Charter Communications’ bank debt slipped in trading with bankers citing weaker first quarter numbers and market technicals. The cable company’s $3 billion “B” loan was seen changing hands in the 98 3/4- 99 3/8 context. while the $2 billion “A” loan rested at the 97 3/4- 98 3/8 range. Prior to the drop, Charter’s “B” loan was trading at the 99-99 1/2 level while the “A” loan was trading at 98 1/4- 98 3/4.
“[Charter’s] numbers were a little bit worse than expected [with] a registered loss of one dollar per share, a net loss of about $245 million,” one trader said. But another trader disagreed this was the cause of the slip. The company’s earnings release effect on its debt trading levels was marginal, he noted. “The general market seems to be softer, it is not only Charter.”
Traders attributed the general choppiness to fears over rising interest rates and a weakening high-yield market.

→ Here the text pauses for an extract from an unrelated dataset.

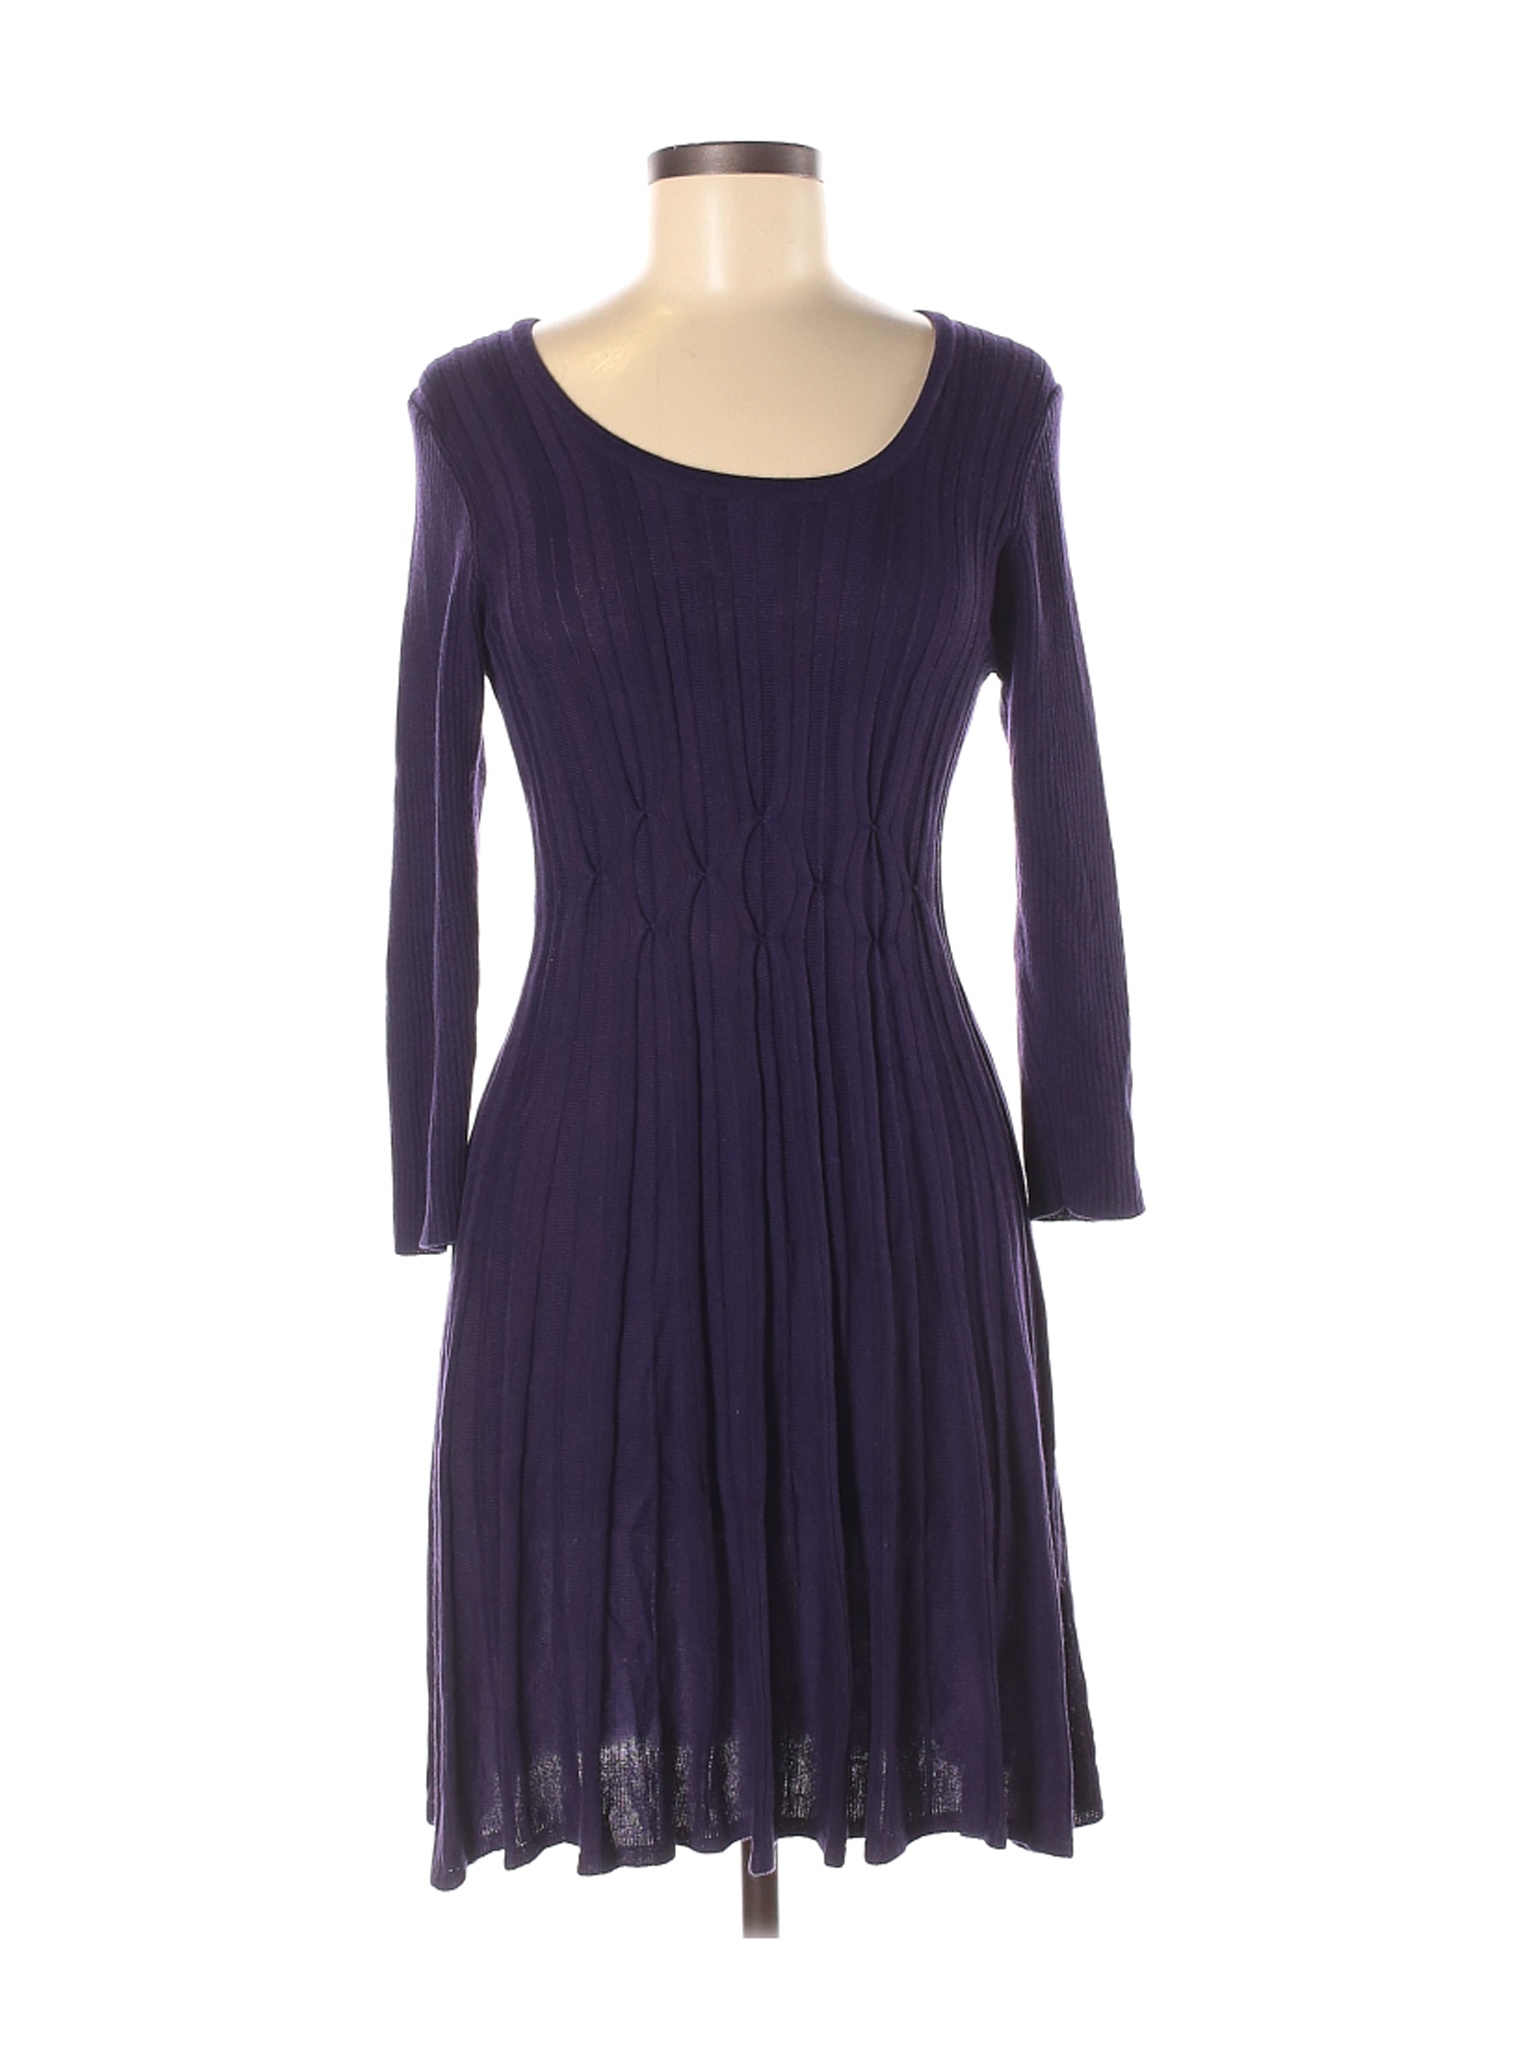 DressBarn Women Purple Casual Dress M Petites | eBay

The credit has sufficient crossover with high-yield, so any weakening there impacts Charter, a dealer added. The sheer size of the facility is also an issue, he said, noting that the CCC rating prevents more buyers, he said.
J.P. Morgan, Bank of America, Citigroup and Credit Suisse First Boston lead the loan, which closed last April. According to Derek Chang, Charter’s executive v.p. of finance and strategy, the transaction enabled Charter to extend debt maturities and obtain financial and operational flexibility. “We couldn’t have done this deal six months ago,” Chang explained, noting that the debt markets were very receptive. Charter officials did not return calls regarding the trading levels.